The memcg hook changes are going through the mm tree due to dependencies.

- Prevent stalls when reading /proc/slabinfo (Jianfeng Wang)

This fixes the long-standing problem that can happen with workloads that have
alloc/free patterns resulting in many partially used slabs (in e.g. dentry
cache). Reading /proc/slabinfo will traverse the long partial slab list under
spinlock with disabled irqs and thus can stall other processes or even
trigger the lockup detection. The traversal is only done to count free
objects so that <active_objs> column can be reported along with <num_objs>.

To avoid affecting fast paths with another shared counter (attempted in the
past) or complex partial list traversal schemes that allow rescheduling, the
chosen solution resorts to approximation - when the partial list is over
10000 slabs long, we will only traverse first 5000 slabs from head and tail
each and use the average of those to estimate the whole list. Both head and
tail are used as the slabs near head to tend to have more free objects than
the slabs towards the tail.

It is expected the approximation should not break existing /proc/slabinfo
consumers. The <num_objs> field is still accurate and reflects the overall
kmem_cache footprint. The <active_objs> was already imprecise due to cpu and
percpu-partial slabs, so can't be relied upon to determine exact cache usage.
The difference between <active_objs> and <num_objs> is mainly useful to
determine the slab fragmentation, and that will be possible even with the
approximation in place.

- Prevent allocating many slabs when a NUMA node is full (Chen Jun)

Currently, on NUMA systems with a node under significantly bigger pressure
than other nodes, the fallback strategy may result in each kmalloc_node()
that can't be safisfied from the preferred node, to allocate a new slab on a
fallback node, and not reuse the slabs already on that node's partial list.
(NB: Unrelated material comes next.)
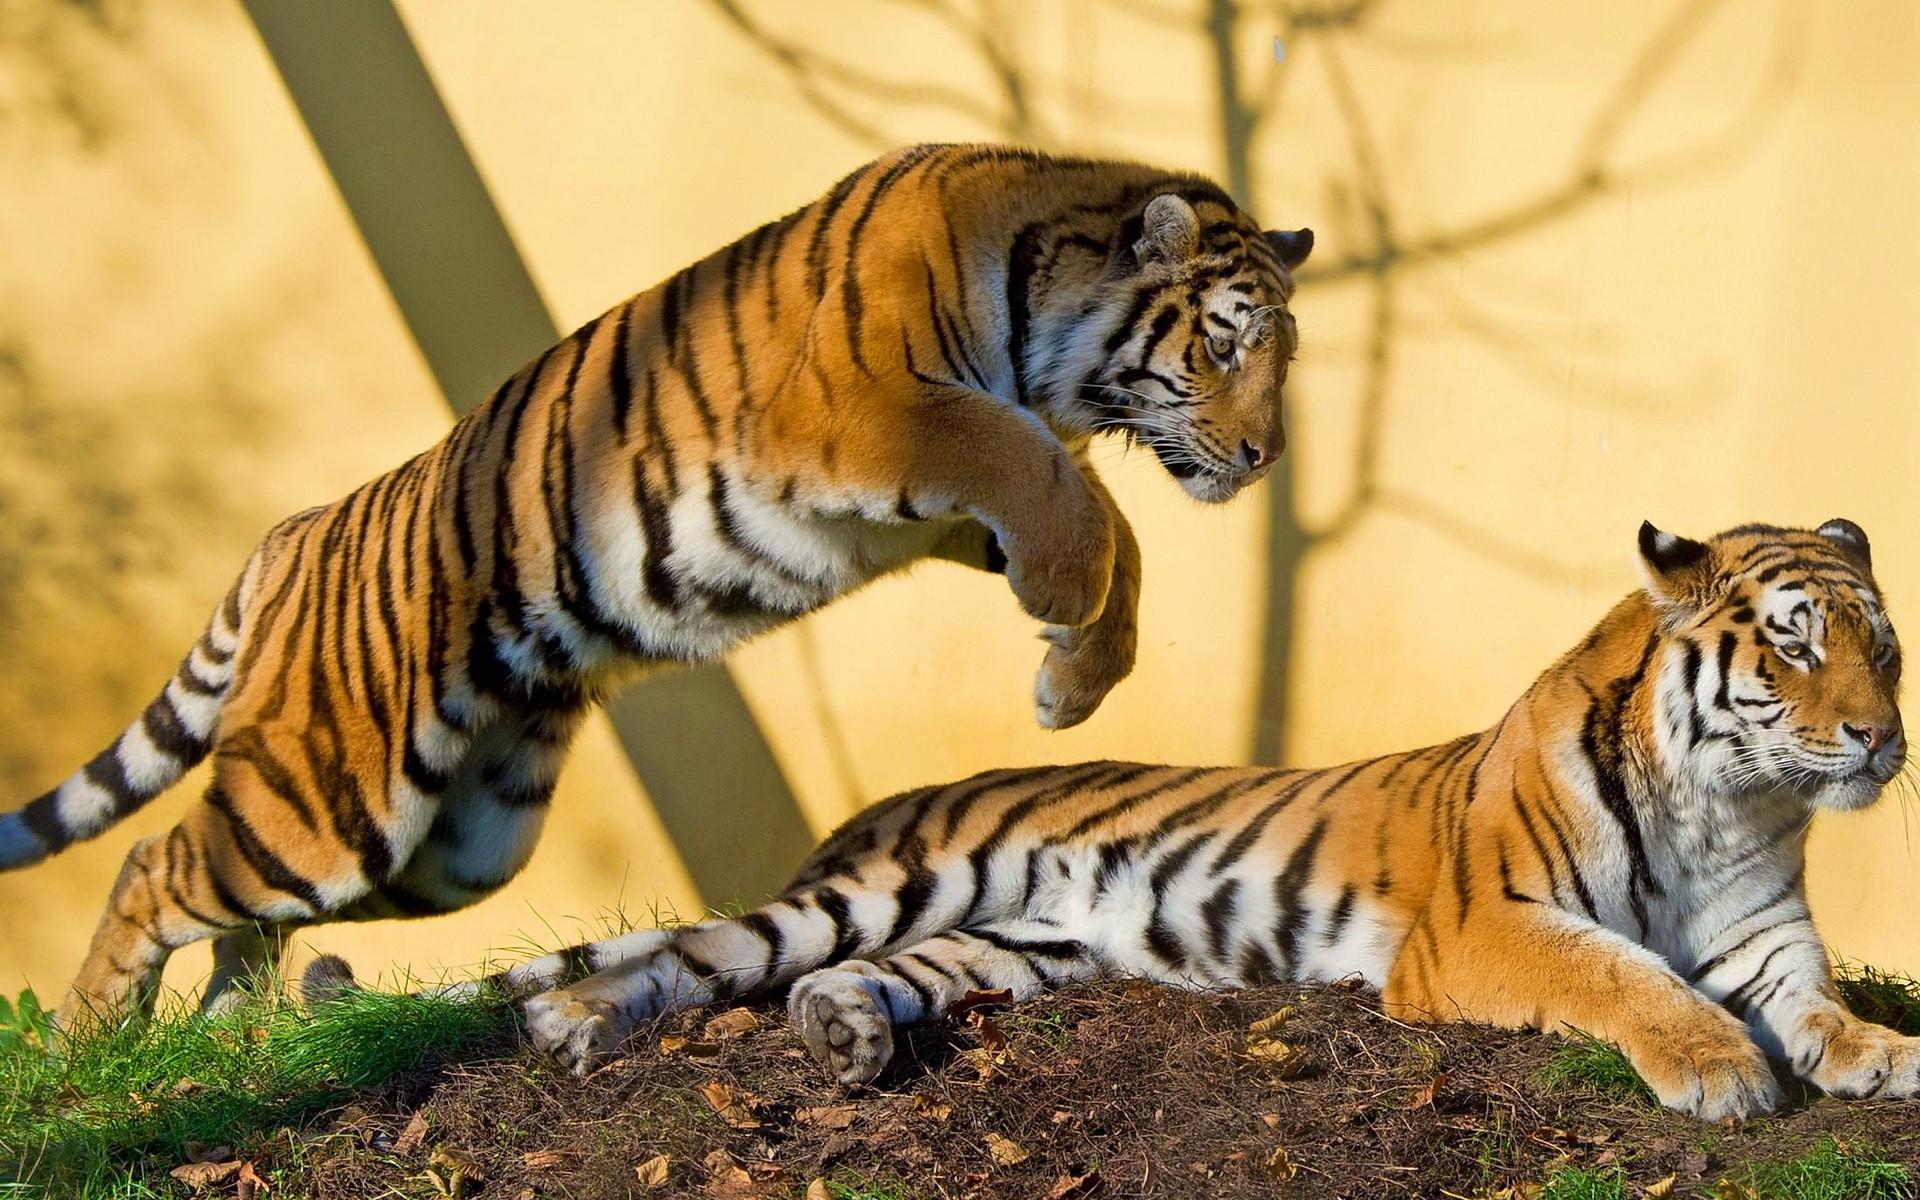 мастерицы тигр картинки фотографии полнолуние дотрагивается воды

This is now fixed and partial lists of fallback nodes are checked even for
kmalloc_node() allocations. It's still preferred to allocate a new slab on
the requested node before a fallback, but only with a GFP_NOWAIT attempt,
which will fail quickly when the node is under a significant memory pressure.

- More SLAB removal related cleanups (Xiu Jianfeng, Hyunmin Lee)

- Fix slub_kunit self-test with hardened freelists (Guenter Roeck)

- Mark racy accesses for KCSAN (linke li)

- Misc cleanups (Xiongwei Song, Haifeng Xu, Sangyun Kim)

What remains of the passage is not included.